3 Local Data Model Generator

What is described above is only a “foundation” that could be further developed to get much smarter model. In fact, what I personally use in practice is far more advanced. Nevertheless, this basic model is something to start working on your own.

To help you with your research, I’ve developed a simple tool called Local Data Model Generator. It allows you to connect to a selected database, examine it and automatically produce all class files that form a local data model for that database according to the above description.

The tool is far from perfection and its usage is limited but it also a great start point for further research.
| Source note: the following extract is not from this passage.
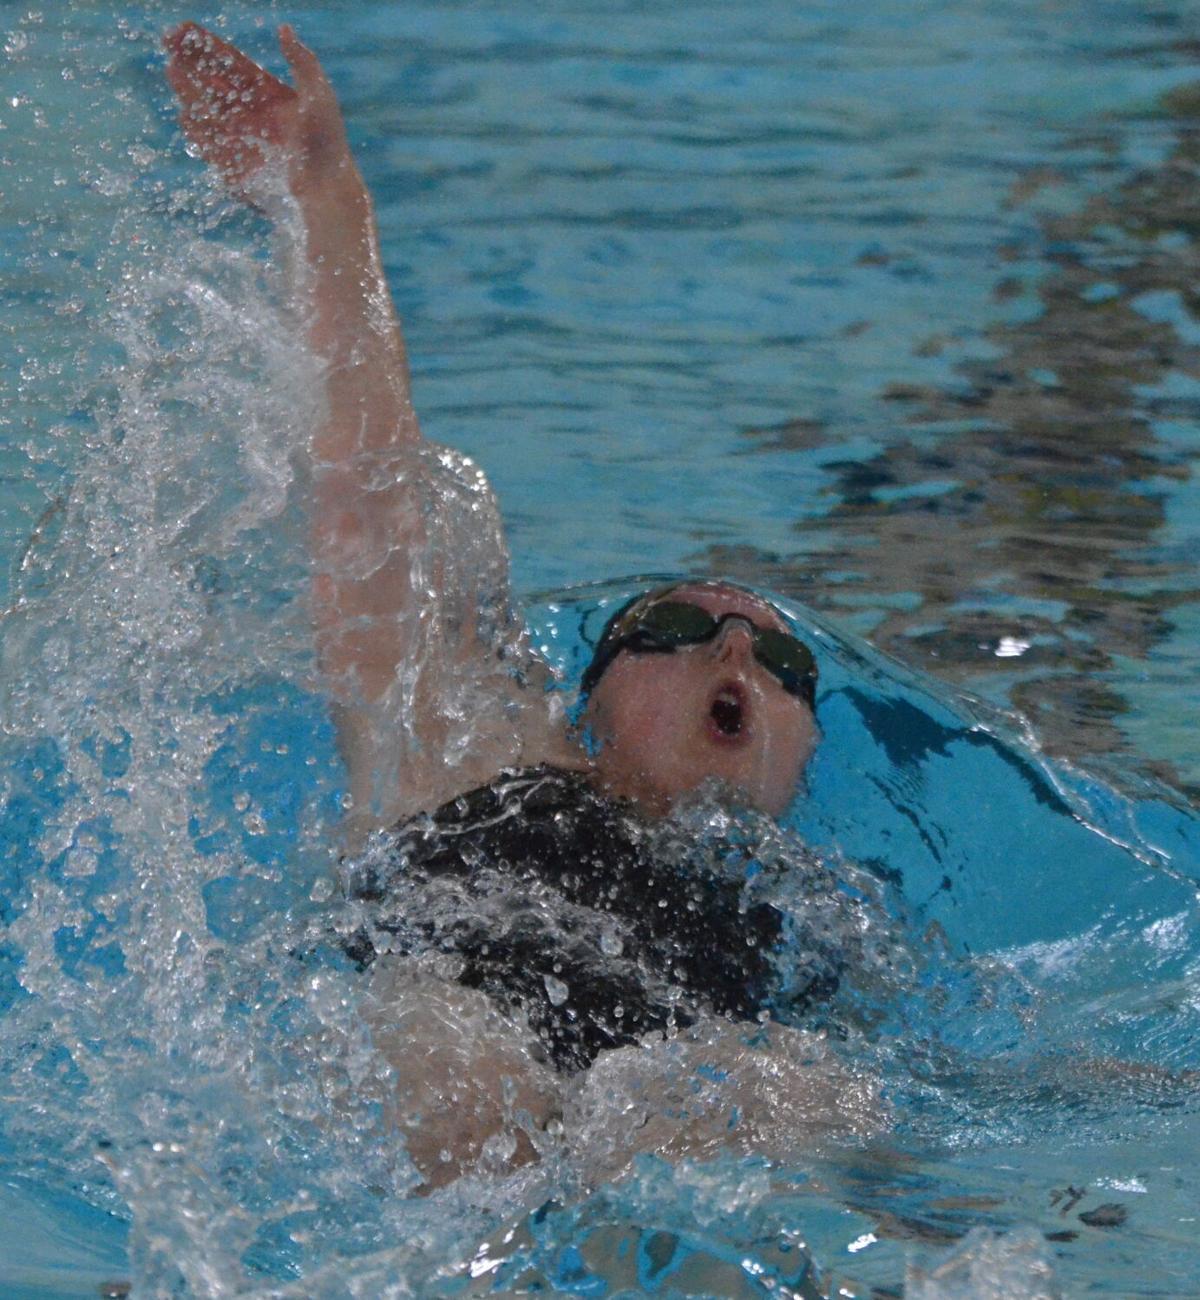 Farrell backstroke
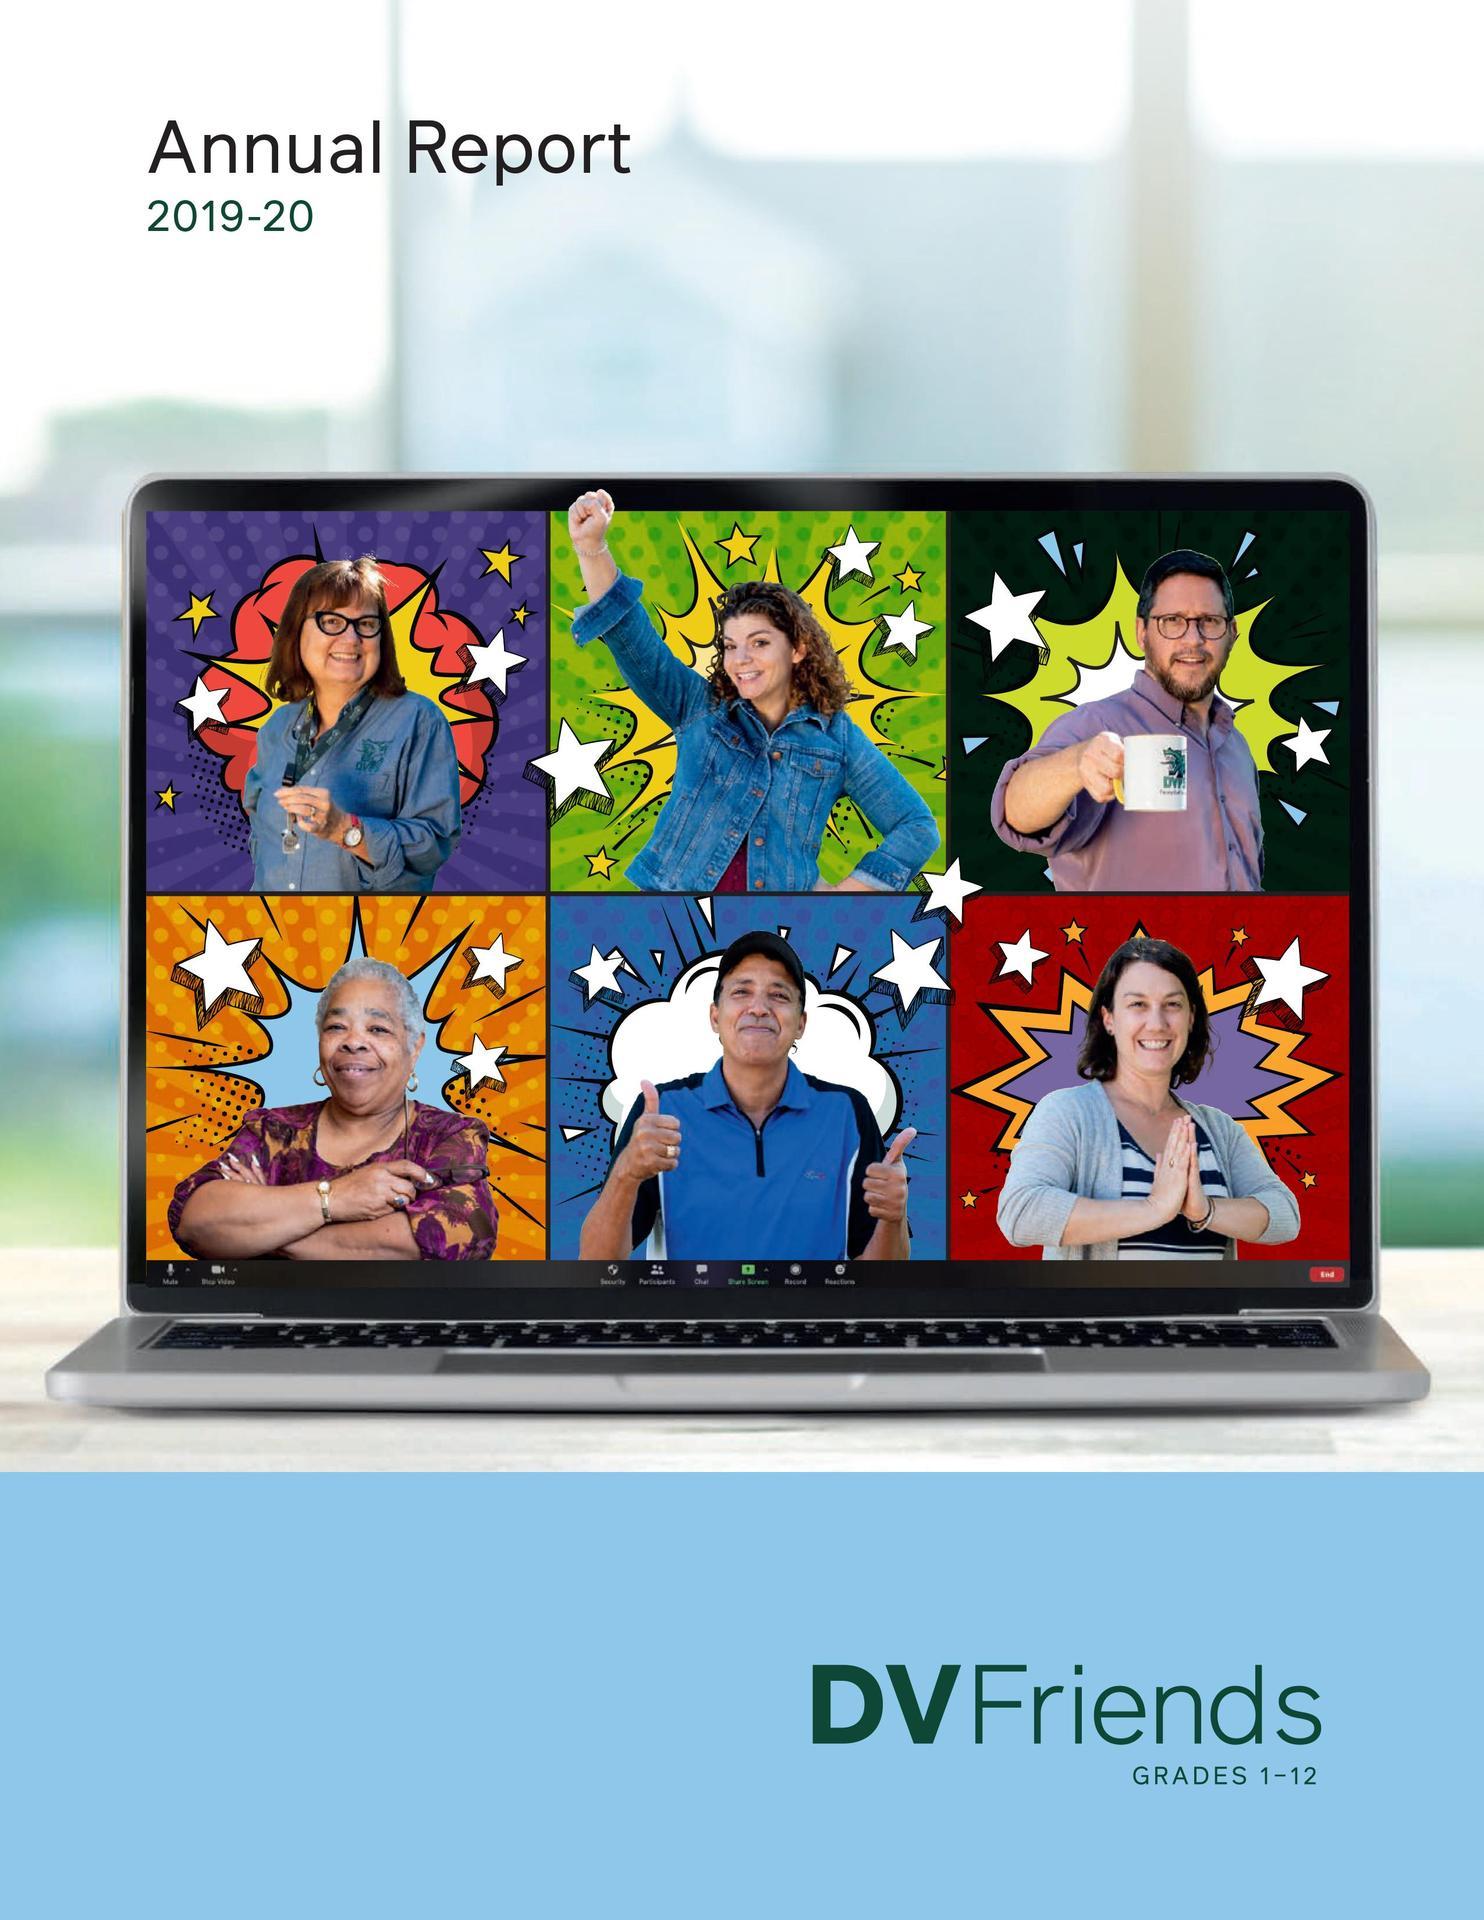 DVFS Annual Report 2019-20

Local Data Model Generator v.1.0 profile:

4 Appendix

I am not responsible for any damage that would be caused by ideas or software presented above. I am sorry for any grammatical/spelling errors, I am not a native speaker.

Any feedback on this would be appreciated. Feel free to discuss any ideas from or from outside this paper.

5 TODOs

This article misses several important issues. For example, the concurrency issues are not discussed in the practical part. This is to be fixed.